Reply To: The Salience Network

  • Don Salmon

    Member
    June 7, 2023 at 2:27 pm

    I’m not sure what “cognitively penetrable” means, but from the context, I’m guessing you mean, is it possible to intentionally shift from effortful, tense, detached, analytic, narrow attention to effortless, relaxed, immersed, intuitive, global attention.

    yes. There’s over 50 years of research verifying it:

    1. Dr. Les Fehmi, a physiological psychologist. He spent 50 years teaching people to shift from what he referred to as narrow, detached attention to wide, immersed attention. There’s a very rough correlation with the hemispheres, and the various modes you refer to.
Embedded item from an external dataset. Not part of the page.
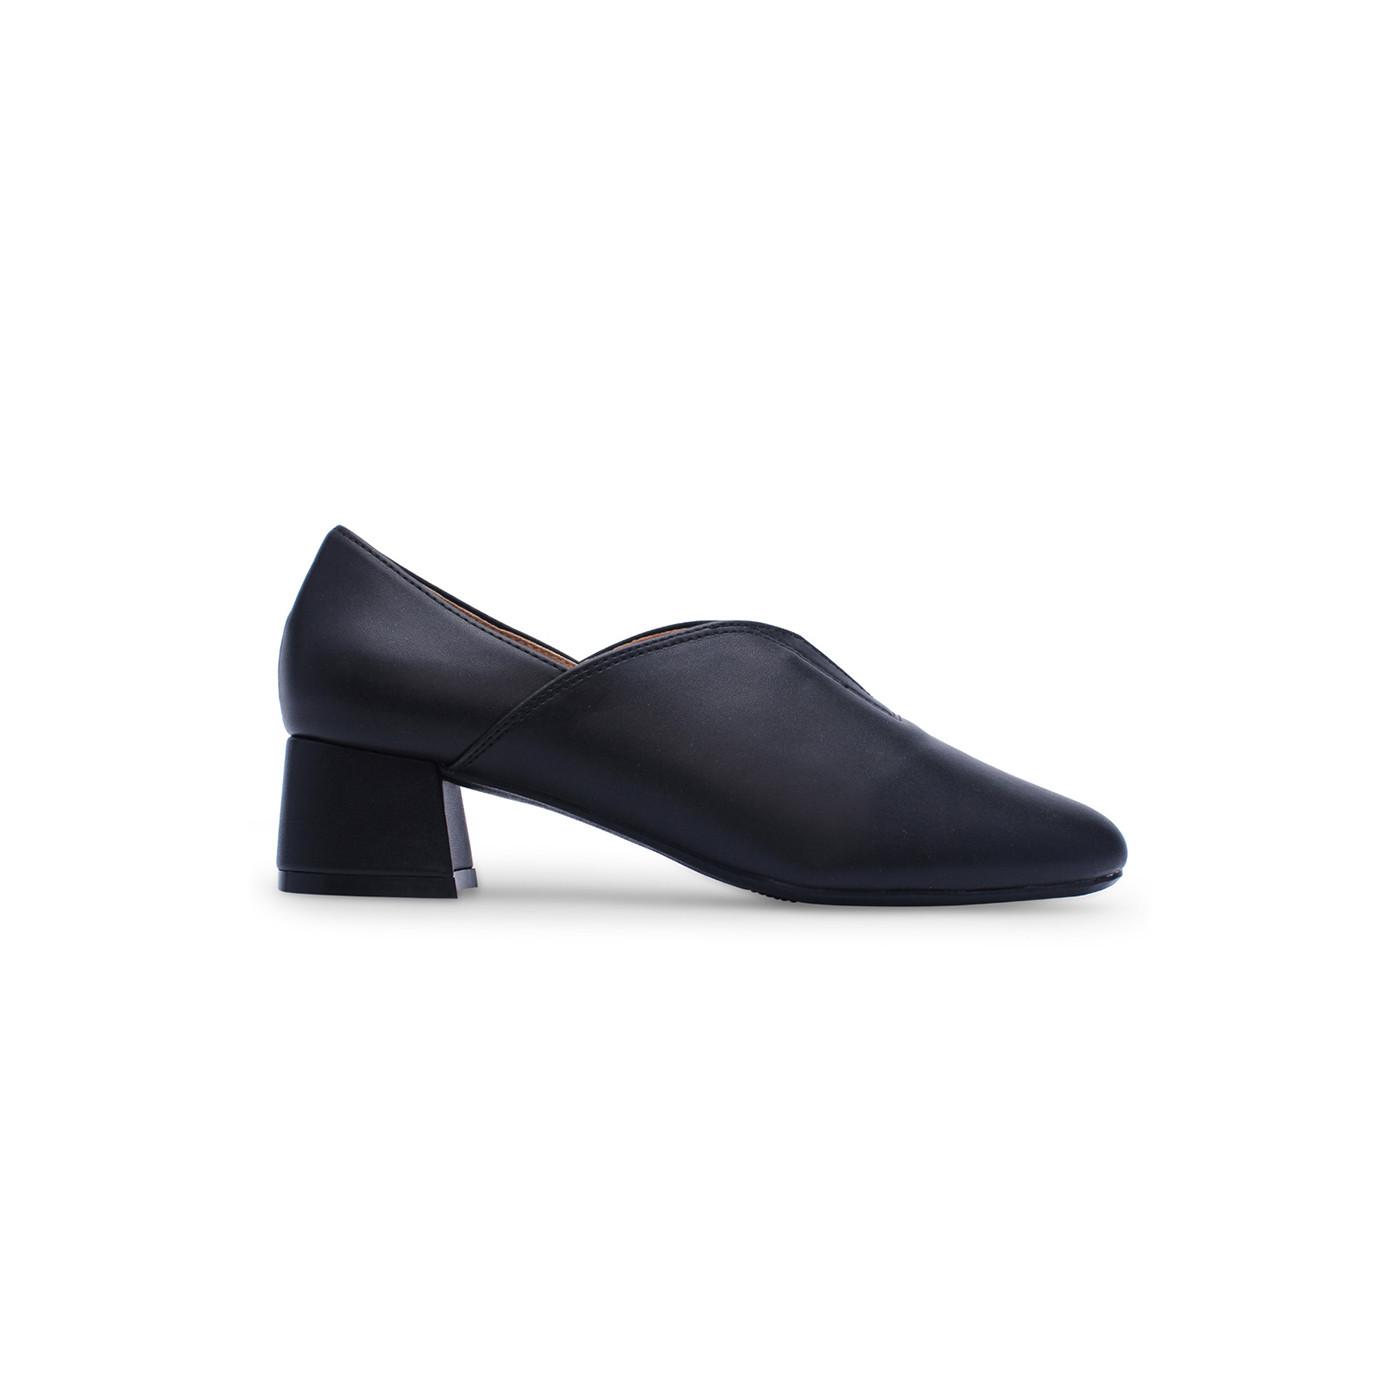 Giày boot nữ gót vuông dễ phối thời trang thương hiệu PABNO-PN607

Theoretically that may be interesting, but since the whole brain is active all the time in real life, outside the lab, for the practical purposes you’re referring to, the actual experience of shifting attention is far more important than what’s going on in the brain (which we only know through experience, indirectly or directly, anyway. This is true for all of the results of science, however much – through narrow, abstracted attention – we constantly forget about it)
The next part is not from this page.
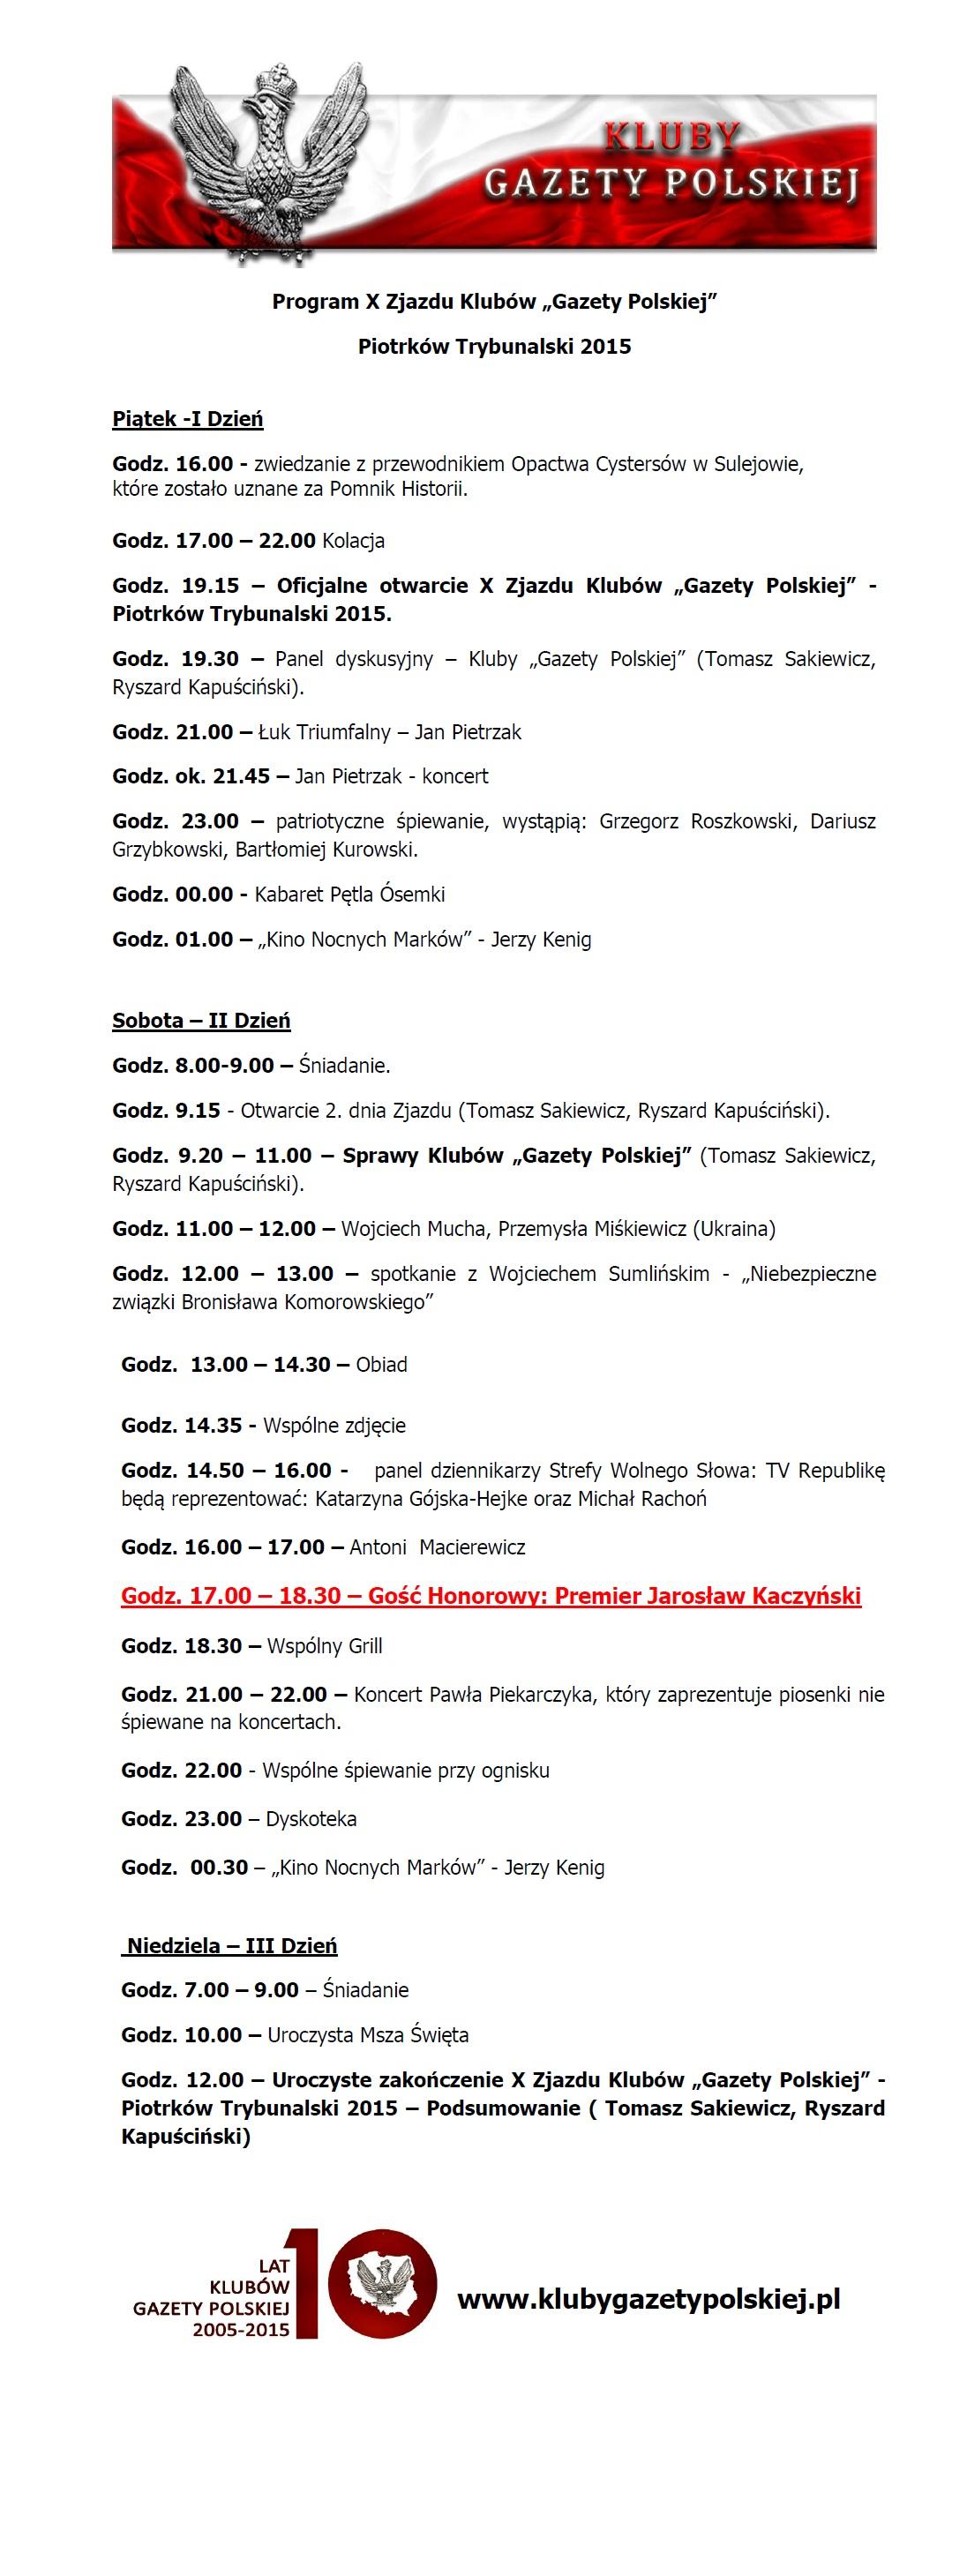 Program X Zjazdu Klubów Gazety Polskiej

    2. Dr. John Yates, a neuroscientist and longtime Buddhist teacher, uses the terms ‘selective attention” and “peripheral awareness” to describe these varying forms of attention. He had students with 20 or 30 years of experience meditating who had not been successful in shifting to states of unity consciousness succeed in a matter of months by training them in shifting attention.

    There are many other examples (Loch Kelly has been a subject in numerous labs, teaching similar shifts of attention)

    As far as the idea of depression and the right hemisphere, it’s not that cut and dried. Similarly, perhaps you missed my comment that the association of the default mode with any particular state of mind is incorrect. Scientists say the default mode may be associated with negative, tense dysphoric thinking and it may be associated with positive creative mind wandering. It’s not one-to-one, neither are moods one to one corresponding with particular hemisphere.

    It’s a shame that Iain so often goes back and forth from describing his “hemisphere hypothesis” as metaphorical vs literal. Since we know ALL the functions of the right hemisphere can, in the case of brain damage, be taken over COMPLETELY by the left hemisphere, and vice versa, the idea of relying on particular brain regions as definitive just doesn’t work.

    Further more, parapsychological research shows cognition is perfectly possible without use of the brain at all, so it really helps us a LOT, I think, to take all info about the brain as metaphoric.